**PROBLEM STATEMENT:** Go through the data below and return each line where the string "Blue" appears.

- - - -

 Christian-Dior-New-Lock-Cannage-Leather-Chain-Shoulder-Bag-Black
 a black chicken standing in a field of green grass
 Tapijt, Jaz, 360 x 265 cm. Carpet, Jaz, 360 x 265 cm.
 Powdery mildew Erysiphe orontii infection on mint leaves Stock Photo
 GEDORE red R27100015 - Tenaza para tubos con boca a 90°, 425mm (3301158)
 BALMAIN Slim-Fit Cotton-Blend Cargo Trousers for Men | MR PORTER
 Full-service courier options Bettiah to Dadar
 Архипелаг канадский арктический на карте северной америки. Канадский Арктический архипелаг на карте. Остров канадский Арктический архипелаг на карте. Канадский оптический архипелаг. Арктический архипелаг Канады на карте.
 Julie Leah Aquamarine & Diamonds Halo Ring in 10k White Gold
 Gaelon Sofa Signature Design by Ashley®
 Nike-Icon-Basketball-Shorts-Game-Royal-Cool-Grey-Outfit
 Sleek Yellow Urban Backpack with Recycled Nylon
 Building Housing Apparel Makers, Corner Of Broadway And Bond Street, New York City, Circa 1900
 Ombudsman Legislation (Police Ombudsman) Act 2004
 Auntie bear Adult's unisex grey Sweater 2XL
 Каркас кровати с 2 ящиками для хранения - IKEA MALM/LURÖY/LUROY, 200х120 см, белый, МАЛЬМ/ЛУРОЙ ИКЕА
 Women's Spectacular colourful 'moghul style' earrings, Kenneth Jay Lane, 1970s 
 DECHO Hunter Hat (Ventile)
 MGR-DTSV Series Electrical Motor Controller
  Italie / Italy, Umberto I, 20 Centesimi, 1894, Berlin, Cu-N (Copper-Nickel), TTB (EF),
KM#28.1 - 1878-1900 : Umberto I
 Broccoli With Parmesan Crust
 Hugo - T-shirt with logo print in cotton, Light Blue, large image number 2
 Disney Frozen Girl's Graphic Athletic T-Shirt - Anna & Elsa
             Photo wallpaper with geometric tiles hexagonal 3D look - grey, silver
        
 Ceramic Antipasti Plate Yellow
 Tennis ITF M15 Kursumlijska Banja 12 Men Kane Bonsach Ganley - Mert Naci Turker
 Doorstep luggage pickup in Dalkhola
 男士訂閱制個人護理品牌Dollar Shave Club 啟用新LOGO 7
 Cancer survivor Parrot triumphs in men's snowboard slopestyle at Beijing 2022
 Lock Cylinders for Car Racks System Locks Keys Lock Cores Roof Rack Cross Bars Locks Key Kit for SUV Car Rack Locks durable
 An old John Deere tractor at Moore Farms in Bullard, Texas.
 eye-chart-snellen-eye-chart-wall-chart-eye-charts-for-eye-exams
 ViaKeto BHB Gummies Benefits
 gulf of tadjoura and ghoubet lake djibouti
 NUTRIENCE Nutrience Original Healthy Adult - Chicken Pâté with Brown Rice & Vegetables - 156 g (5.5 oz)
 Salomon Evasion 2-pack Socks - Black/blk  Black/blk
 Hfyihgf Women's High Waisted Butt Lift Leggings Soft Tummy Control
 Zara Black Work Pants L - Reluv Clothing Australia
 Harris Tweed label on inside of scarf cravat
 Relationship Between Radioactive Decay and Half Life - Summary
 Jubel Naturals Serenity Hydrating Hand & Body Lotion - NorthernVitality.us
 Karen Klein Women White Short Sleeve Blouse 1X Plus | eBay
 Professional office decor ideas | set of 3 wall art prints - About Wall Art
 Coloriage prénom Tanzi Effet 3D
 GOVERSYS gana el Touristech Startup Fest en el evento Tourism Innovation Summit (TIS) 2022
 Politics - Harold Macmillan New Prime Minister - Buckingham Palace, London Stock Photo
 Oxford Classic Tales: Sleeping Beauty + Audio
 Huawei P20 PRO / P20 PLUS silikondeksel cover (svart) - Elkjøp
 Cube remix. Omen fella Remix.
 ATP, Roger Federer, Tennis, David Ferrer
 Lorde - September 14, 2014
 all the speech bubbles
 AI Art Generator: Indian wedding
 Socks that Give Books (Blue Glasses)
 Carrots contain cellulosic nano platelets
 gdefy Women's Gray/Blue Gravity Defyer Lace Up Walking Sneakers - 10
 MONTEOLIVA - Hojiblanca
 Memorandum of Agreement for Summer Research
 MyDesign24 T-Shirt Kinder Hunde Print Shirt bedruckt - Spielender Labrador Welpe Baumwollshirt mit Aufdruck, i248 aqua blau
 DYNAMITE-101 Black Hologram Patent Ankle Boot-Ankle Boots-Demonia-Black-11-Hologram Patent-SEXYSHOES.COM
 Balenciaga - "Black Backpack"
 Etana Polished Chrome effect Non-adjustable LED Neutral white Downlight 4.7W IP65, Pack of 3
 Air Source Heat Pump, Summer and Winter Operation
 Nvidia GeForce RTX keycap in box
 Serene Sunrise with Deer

- - - -

**EXERCISE RESULT:**
 Hugo - T-shirt with logo print in cotton, Light Blue, large image number 2
 Socks that Give Books (Blue Glasses)
 gdefy Women's Gray/Blue Gravity Defyer Lace Up Walking Sneakers - 10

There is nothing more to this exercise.